與田 祐樹 リコマース総合研究所 所長(以下、與田)> 実際にユースケースとして、ブランドと一緒に取り組んだ成功事例についてお聞かせいただけますか。

野村 晃裕 Free Standard株式会社取締役(以下、野村)>  例えば、「MARGARET HOWELL」さん、「STAUB」さん、「ヤマハゴルフ」さんなど、さまざまなジャンルのブランドのサポートを行っています。それぞれのブランドごとに特徴があり、良さがあります。

與田>  服だけでなく、鍋やゴルフクラブなど幅広いカテゴリーを取り扱われていますよね。その対応範囲の広さに驚きましたが、オペレーションはどのように構築されているのでしょうか。

野村>  どの領域まで展開するかは、常に模索しながら進めています。現在は、特に重点的に取り組んでいるカテゴリーが3つほどありますが、その中でもマーケット規模が大きく、安定した成長が見込める「ファッション」に最も注力しています。ただ、他の領域についても、バランスを見ながら今後広げていく予定です。

與田> 回収して消費者の手に渡るまでのプロセスには、査定やメンテナンスの工程などが含まれると思います。こうしたプロセスは、自社で独自に構築されているのでしょうか。

野村> サプライチェーンの設計・管理は自社で行っています。ただし、多岐にわたる実作業まですべて内製化するのは難しいので、多くのパートナー様の力を借りながら進めています。具体的には倉庫やクリーニング、配送など、ヒトの部分も含めてその領域に特化したアセットを持つパートナー様との連携ができることも私たちの強みです。

與田> 提供責任の一端を担うという意味でも、プロフェッショナルな人材が多く、独自のポジションを確立しているイメージです。

野村> 手間のかかる部分こそ丁寧に向き合うことが大切ですし、パートナーに対してもリスペクトを持ち、自分たちで一度やってみることを大事にしています。例えば、オフィスでスタッフ全員で査定をしてみたり、プロセスを変更した際に実際に試してみるといった取り組みを行っています。こうした実践を通じて、外部に依頼する際の単価感も含め、適切な判断ができるようになります。

 

RaaS事業のスケール化の鍵——オペレーション最適化と価格設定の課題

與田> 今後、こうした事例が広がることで、サーキュラーエコノミーの推進にもつながっていくと考えています。ただ、スケールさせる上では、事業運営におけるさまざまなチャレンジや課題もあるかと思います。特に、認知度の向上とオペレーションの最適化では、どちらがより大きな課題と感じていますか。

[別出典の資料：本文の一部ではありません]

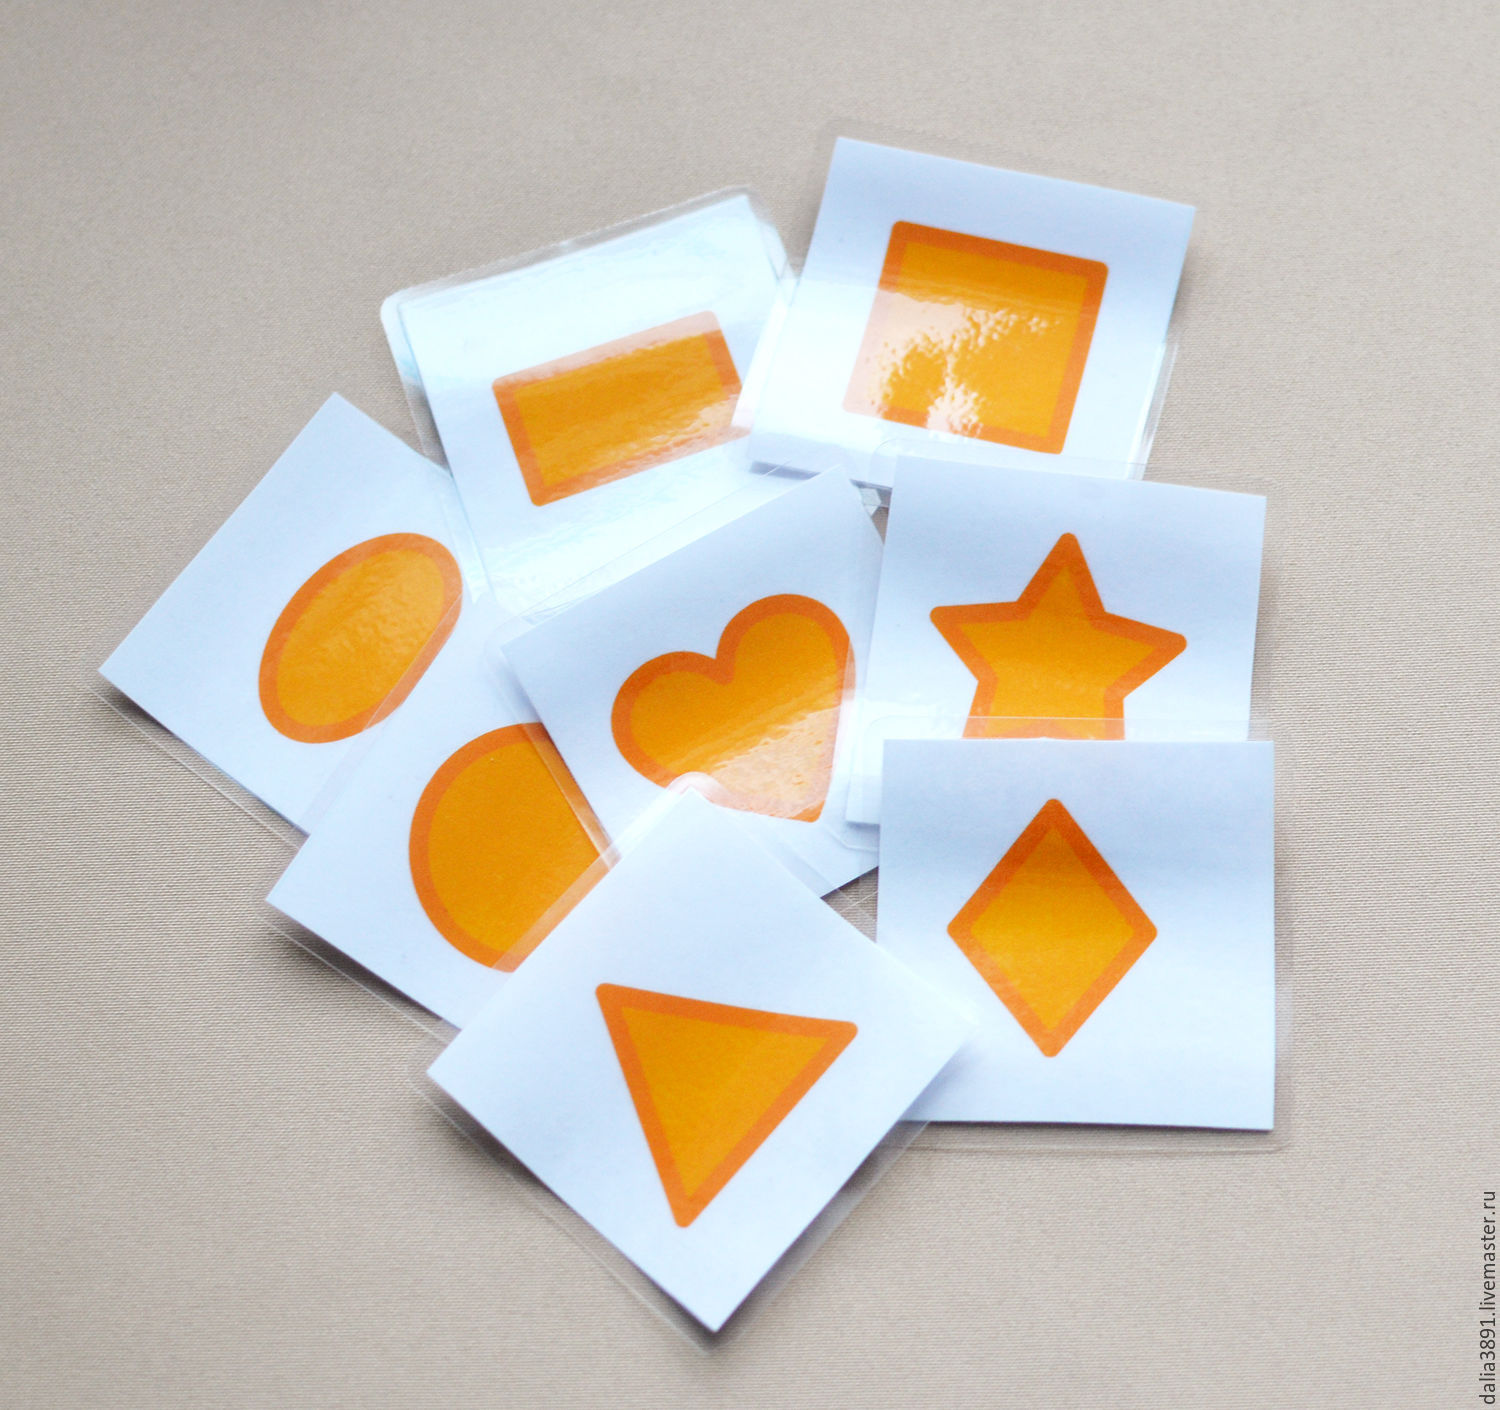 Ламинированные карточки. Заламинировать карточки. Изготовление ламинированных карточек. Сделать ламинированную карточку.

野村> どちらも重要ですが、最も大変なのはオペレーションです。オペレーションを磨くことでコストは下がりますが、プロセスが非常に多岐にわたるため、最適化が難しい部分もあります。

具体的には、査定、メンテナンス、倉庫管理、EC販売など、RaaSとしてのクオリティを維持しながら、一点ものの特性を考慮しつつ効率化する必要があります。

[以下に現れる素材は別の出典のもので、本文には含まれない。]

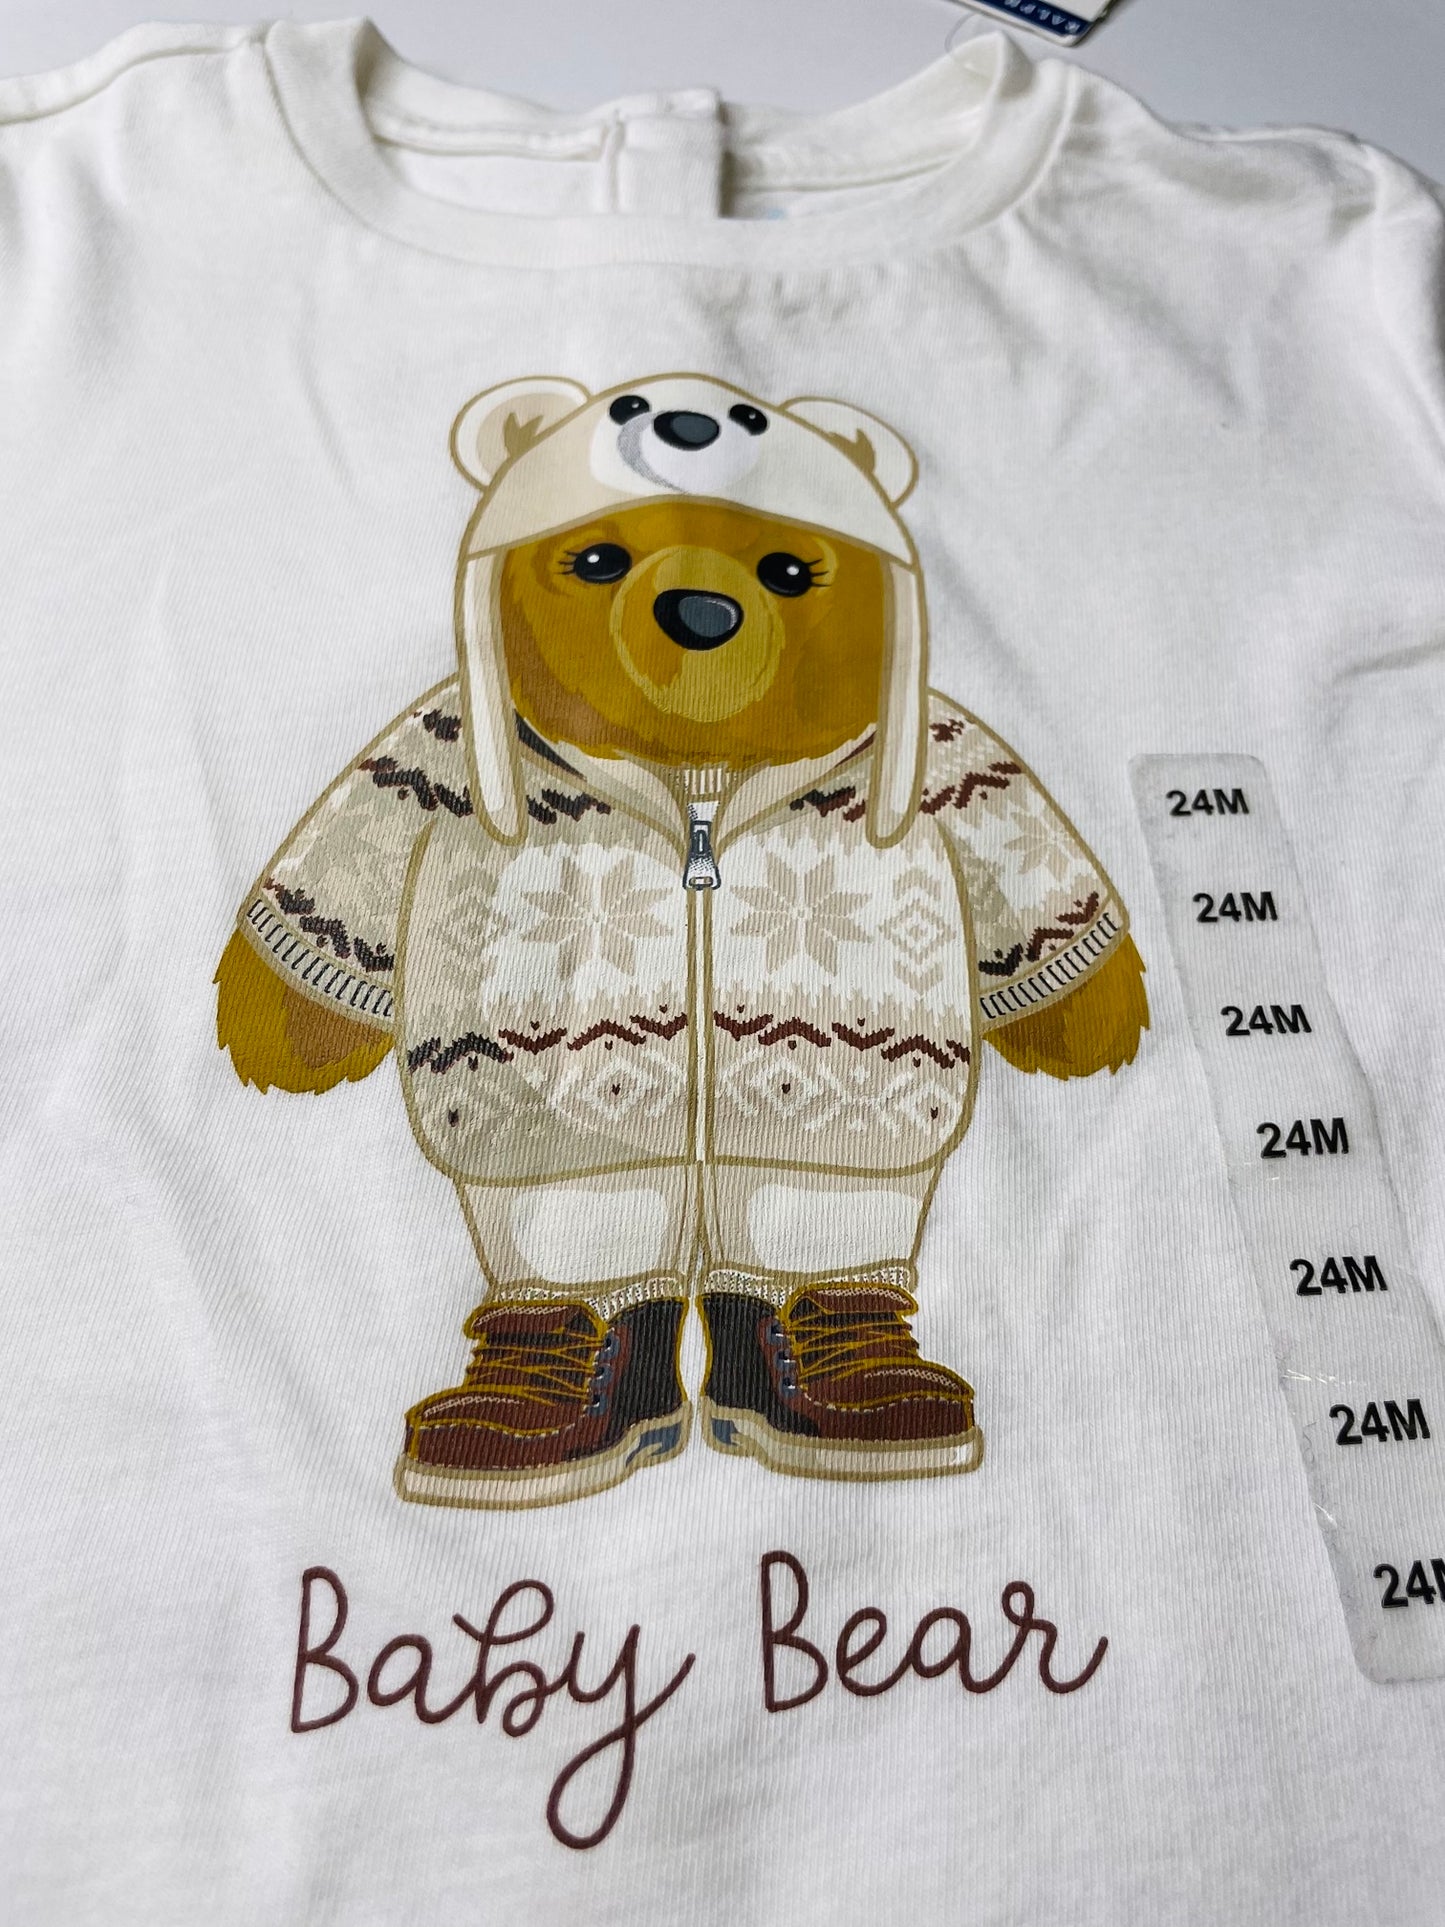 Ralph Lauren shirt for kids

また、商品数が急増した際のキャパシティ管理も大きな課題です。例えば、プロジェクトが始まるタイミングや季節の変わり目には、急激に商品が増えることがあります。こうした変動に対応しながら、倉庫の規模を適切に管理し、必要に応じて拡張できる体制を整えることが求められます。このバランスを取るのが特に難しい点ですね。

與田> リユース品は、新品よりも価格を抑えなければならない一方で、オペレーションコストがかかるため、価格設定のバランスが難しそうですね。特に、商品自体の価値が高いものがターゲットになったり、品質が求められたりする点もありますね。

野村> 現在の市場では、新品価格の約4〜5割で販売されることが多いですが、それでもオペレーションコストをすべて吸収できるわけではありません。特に、ファストファッションの価格帯になると、コスト吸収が難しくなり、課題が多いのが現状です。

ただ、ユニクロさんや無印良品さんのように、自社でリユース事業を展開している企業もあります。こうした取り組みが今後さらに広がる可能性もありますね。1つ1つの工程をしっかり進めながら、必要に応じて簡素化し、全体のプロセスを効率化することも考えられます。

 

リユース市場の未来——標準化への道と政府支援の可能性

與田> 今後の市場の見通しについてお聞かせください。事業が広く浸透したと感じられるのは、どの程度の認知度に達したときでしょうか。

野村>  指標として特に具体的な数値目標を設定しているわけではありません。ただ、企業においては、ブランドリコマースの価値が伝わり経営上の重要度が高まることを目指しているので、「サステナブル活動」の側面と「事業成長」の両面から取り組む企業が増え、私たちがサポートしていない企業からも次々と事例が発信されているような状態を作りたいですね。

與田> まだRaaSやリユース事業を自社で展開していないブランドも多く、これから標準化が進む段階なのではないかと感じています。オンラインストアも、かつては導入が進んでいませんでしたが、例えばオンライン販売の比率が5%程度から始まり、10%を超えてくると「オンラインストアは当然のもの」という認識が広まりました。RaaSも、ブランドの導入率が10%を超えるあたりで大きな変化が起こるのではないでしょうか。

野村> ECが広まった流れと全く同じだと思います。ファッション業界でもECの導入当初は「ネットで服が売れるわけがない」という意見が多かったですよね。サイズが分からないなどの課題がありましたが、それでも徐々に大手ブランドが参入し、今ではほぼ全てのブランドがECを導入しています。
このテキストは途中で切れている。